There were no Silicon Valley–like support systems for financial technologies when New York’s FinTech Innovation Lab started up in 2010. The pioneering ecosystem of entrepreneurs, venture capitalists, and financial institutions sprang from a proposal by Robert Gach of consulting firm Accenture and Maria Gotsch, president and CEO of the Partnership Fund for New York City. The fund, founded in 1996 by KKR & Co.’s Henry Kravis and headed since 2000 by Gotsch, is the investment arm of the Partnership for New York City, which in an earlier incarnation was the chamber of commerce.

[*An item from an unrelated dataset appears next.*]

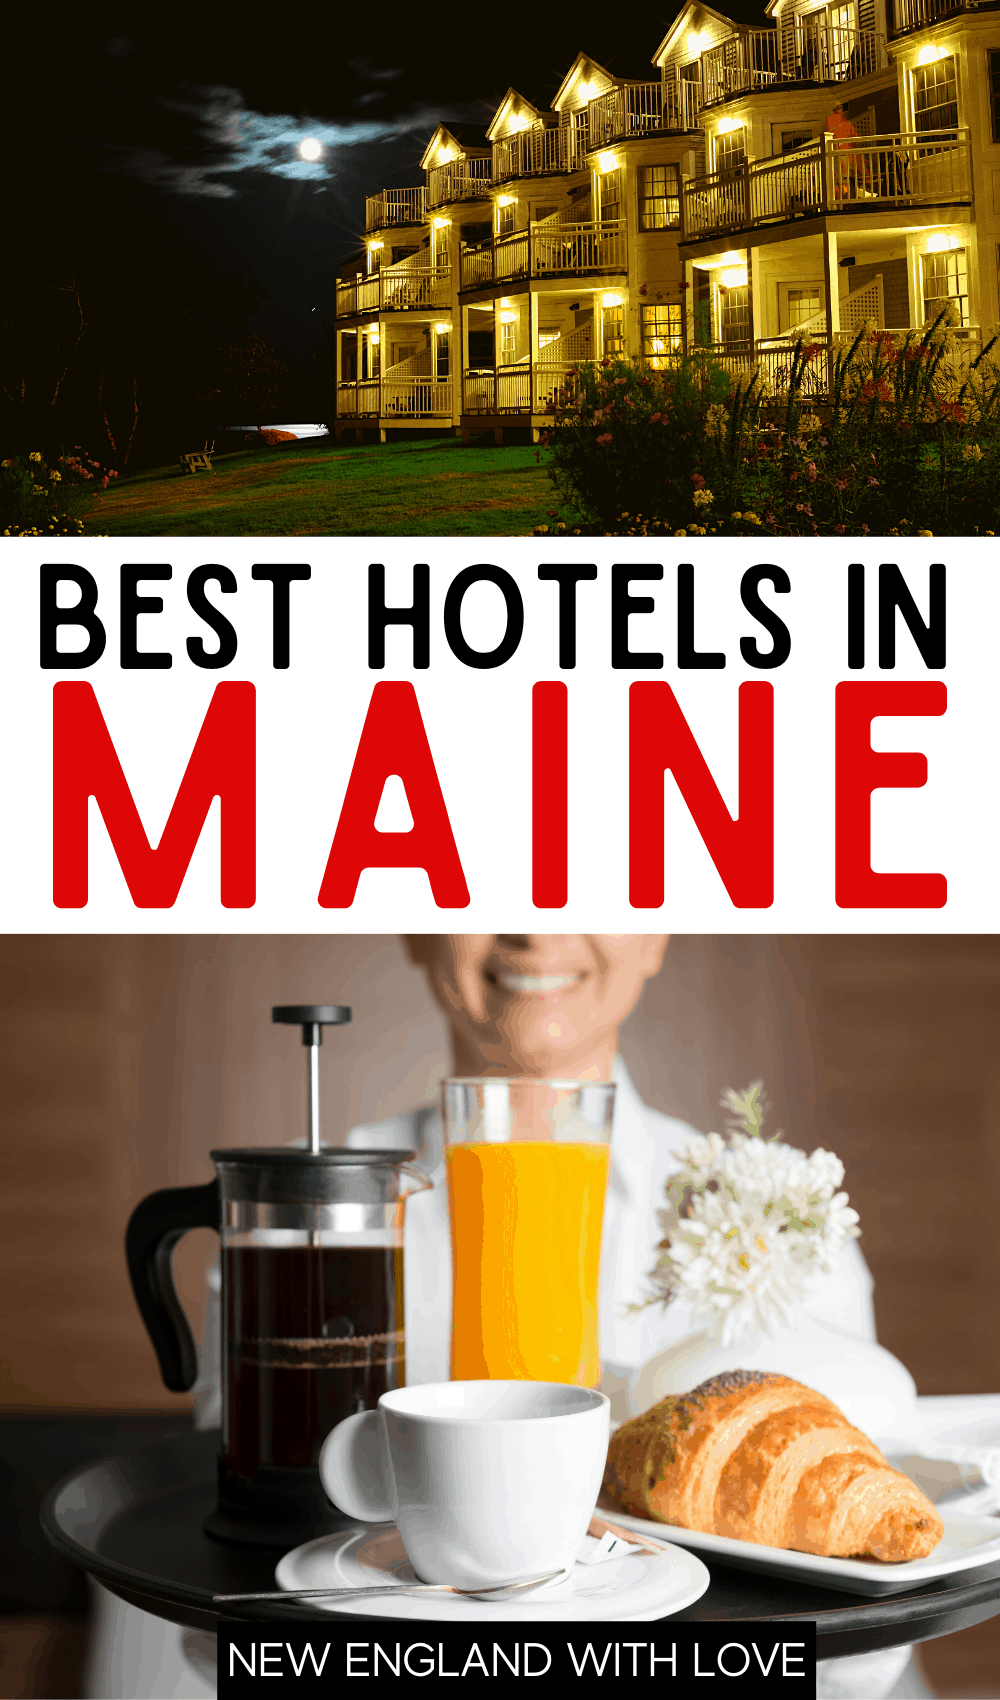 Pinterest graphic reading "BEST HOTELS IN MAINE"
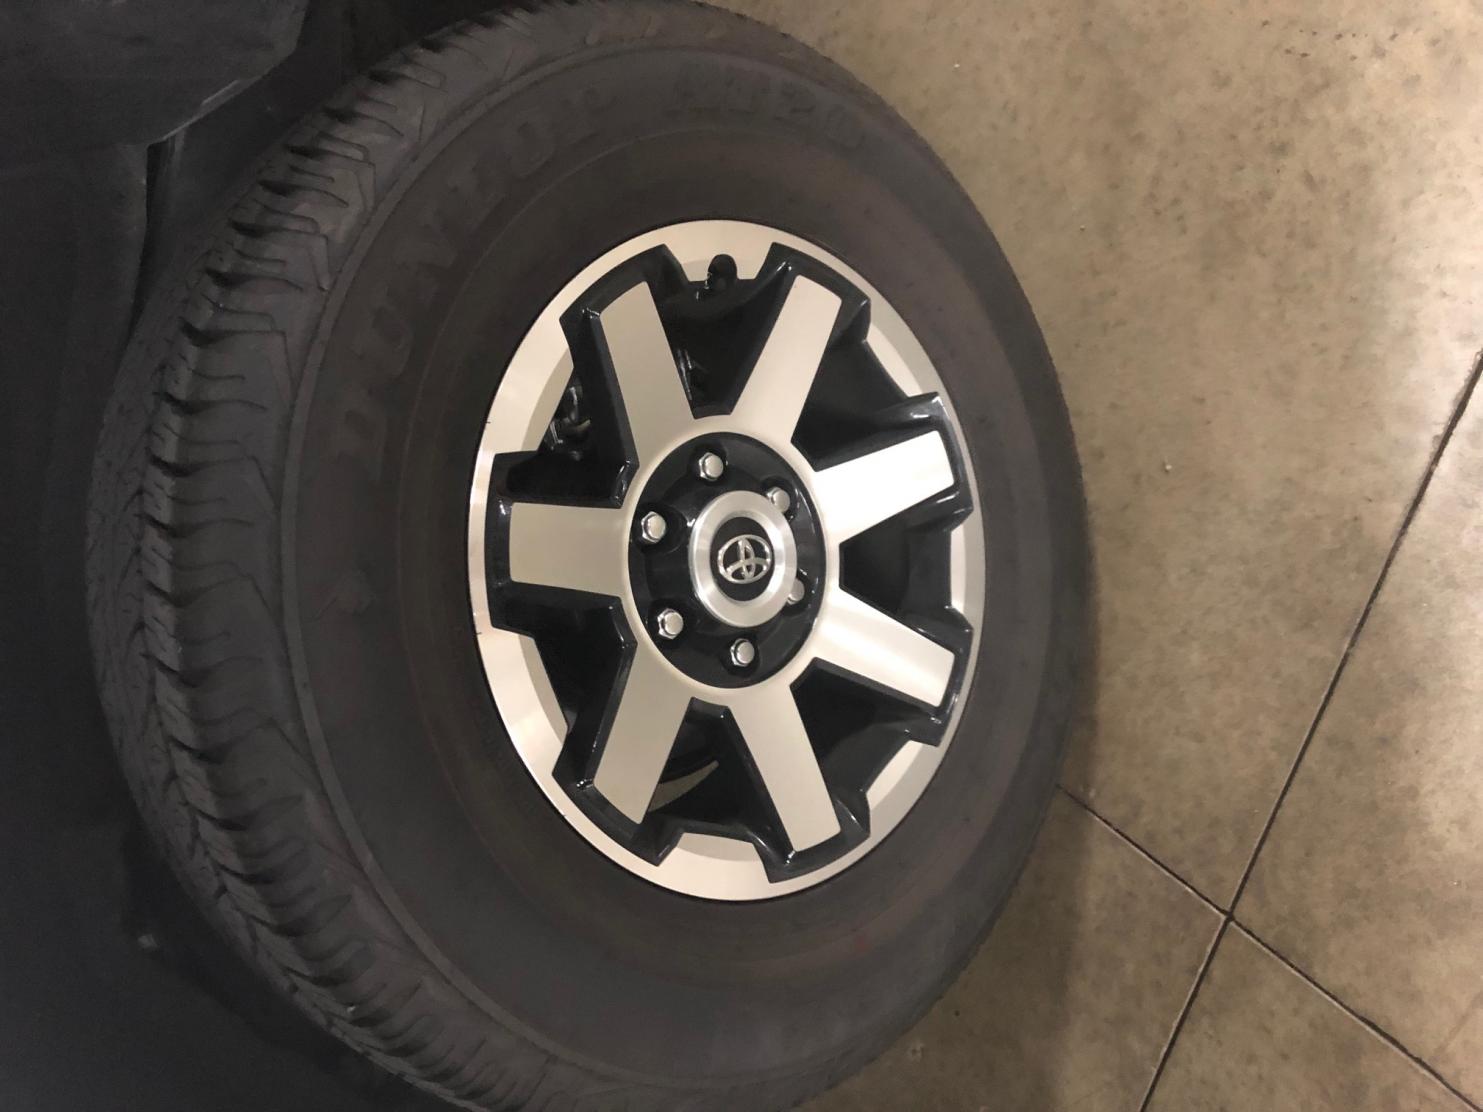 For Sale: 2019 TRD Off Road Premium Wheels and Tires - 0 (Chicago, IL)-img_1960-jpg

Investing to promote growth in the local economy, the $160 million Partnership Fund is only partially deployed in fintech. And Gotsch, 52, oversees other initiatives, including a health innovation accelerator and a high-tech seed financing vehicle. But as far as New York’s financial community is concerned, the FinTech Innovation Lab is her claim to fame. The lab’s 58 alumni start-ups have raised $790 million in capital, and Accenture has launched similar programs in London, Dublin, and Hong Kong.

Executives from 25 major financial firms — including, for the first time, eight insurance companies supporting the New York lab’s new insuretech track — selected 11 start-ups for the 12-week intensive program leading up to the June 2018 demo day, when the entrepreneurs presented their work to investors and others in the financial community. The start-ups included Habit (behavioral data aggregation) and Virtualitics (machine-learning-driven data analytics).